3.2.5 High-Quality Tracking Geometry.

We first track each subject independently using a high-quality template head mesh. This mesh is subsequently used to supervise our geometry decoder’s output \(\hat{{\mathbf {t}}}_k\). We observed that this form of geometry supervision plays a crucial role in preventing 3D Gaussians from getting trapped in local minima during the early stages of universal relightable prior model training. To obtain this tracked mesh, we modify the Pixel Codec Avatar (PiCA) [Ma et al. 2021] architecture to extend coverage to the upper body, specifically the head, neck, and shoulders.
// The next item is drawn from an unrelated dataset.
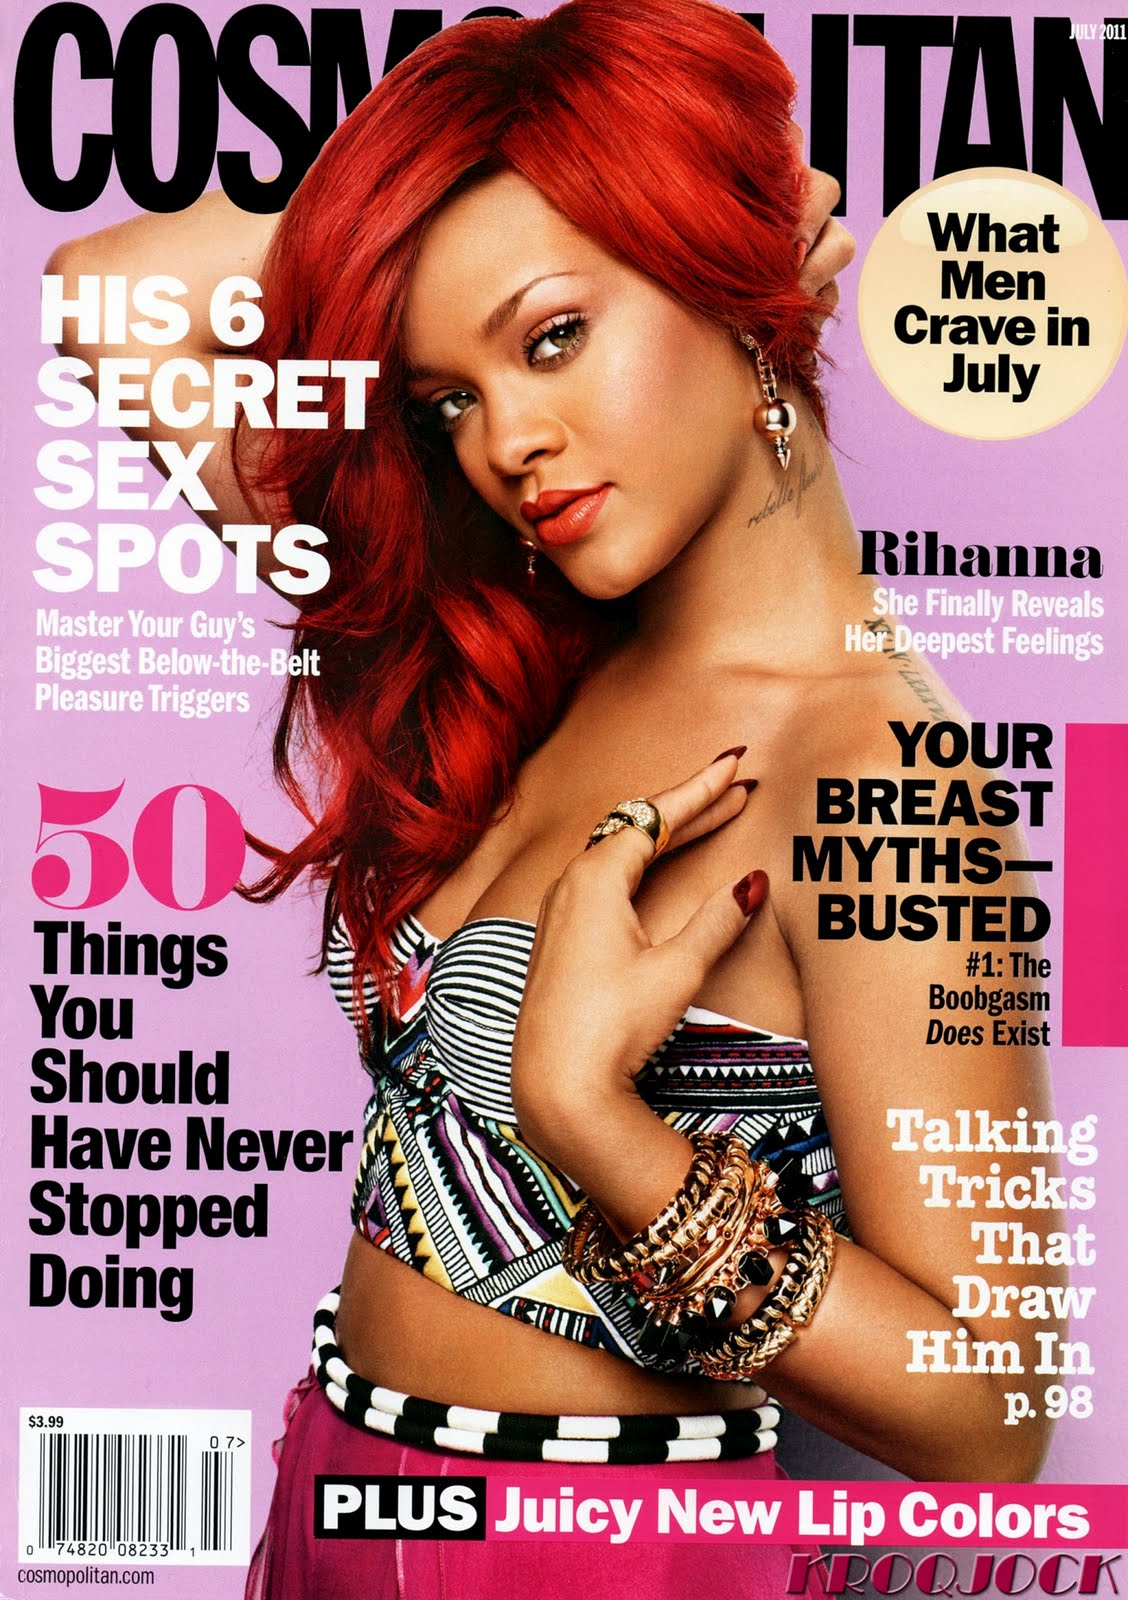 http://1.bp.blogspot.com/-mxpXTiq7aXg/TeUQRh064VI/AAAAAAAAAkA/-7fRTcTFFnM/s1600/Rihanna-138.jpg

For each identity in our training dataset, we therefore fit a personalized pixel codec avatar using inverse rendering to reconstruct all the fully-lit, multi-view input images. Subsequently, we extract the geometry for each frame from PiCA’s geometry branch. Leveraging the dense position map-based geometry representation and per-pixel color decoding, we can reconstruct high-quality geometry for each frame. For monocular phone scans, we follow a pipeline similar to Cao et al. [2022], but replace the coarse base geometry with the aforementioned high-resolution template mesh and photometric refinement [Ma et al. 2021].

3.2.6 Conditioning Albedo Texture Acquisition.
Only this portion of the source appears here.